7-5 character encoding and document processing

A. Character Encoding

1.1 What is a character encoding

The computer is based on the electrical work, in other words the computer only recognizes a binary number (0, 1), so that the computer can understand human language, that is, how to achieve digital character to the process, how a character corresponding to a specific number the standard, which is called character encoding.

1.2 History of character encoding

1.ASCII code table

Expressed by 8-bit binary numbers (1bytes) an English character, the number of up to 256 (0-255 / 00000000-1111 1111)

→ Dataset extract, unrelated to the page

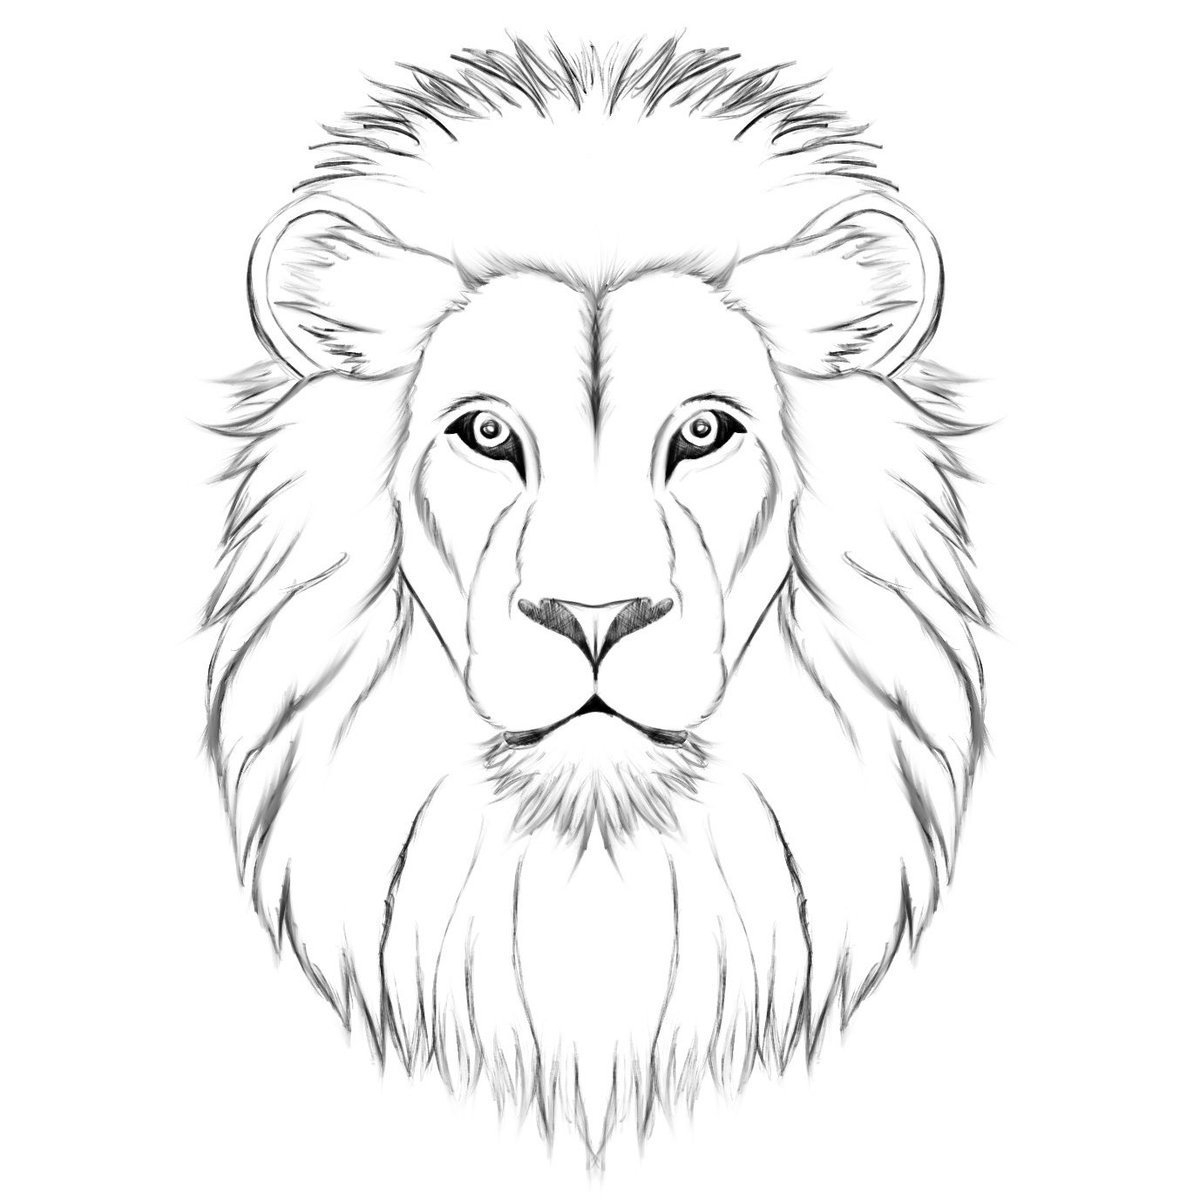 Как нарисовать голову льва карандашом, красками поэтапно? | Лев эскиз, Рисунки, Львы

2. States to develop their own code table

In order to meet the needs of Chinese and English, the Chinese developed GBK

GBK: 2Bytes represent a Chinese character, 1Bytes represent an English character

Japan enacted the shift_JIS

Korean developed Euc_kr

3. uniform standards

unicode: a unified representation of characters with two Bytes

unicode disadvantages:

1. waste of storage space

2.io number increased operating efficiency program to reduce (fatal)

unicode advantages:

1. compatible character nations

2. Other countries encoded data from the hard disk into memory when the Unicode encoding other countries have a corresponding relationship

For the full article in English speaking, Unicode style more than doubled storage space, so too wasteful, so then appeared utf-8. In utf-8 in the English characters are 1Bytes said of Chinese characters using 3Bytes representation.

status quo:

Memory using Unicode

Hard disk using utf-8

4. encoding and decoding process

Coding (encode):

Data stored by the memory to the hard disk

Binary data format unicode >>>> binary coding (encode) 1. memory >>>>> utf-8 format

Data from the hard disk to the hard disk memory

1. hard binary data in utf-8 format >>>> decoding (decode) >>>>> binary data in memory in Unicode

ps:. 1 encoding solution on how to ensure what with what encoding the file is not written is garbled

        2. The difference of about python2 and python3

  In accordance with the text file pytho2 read into interpreter default ascii code (not prevalent Unicode)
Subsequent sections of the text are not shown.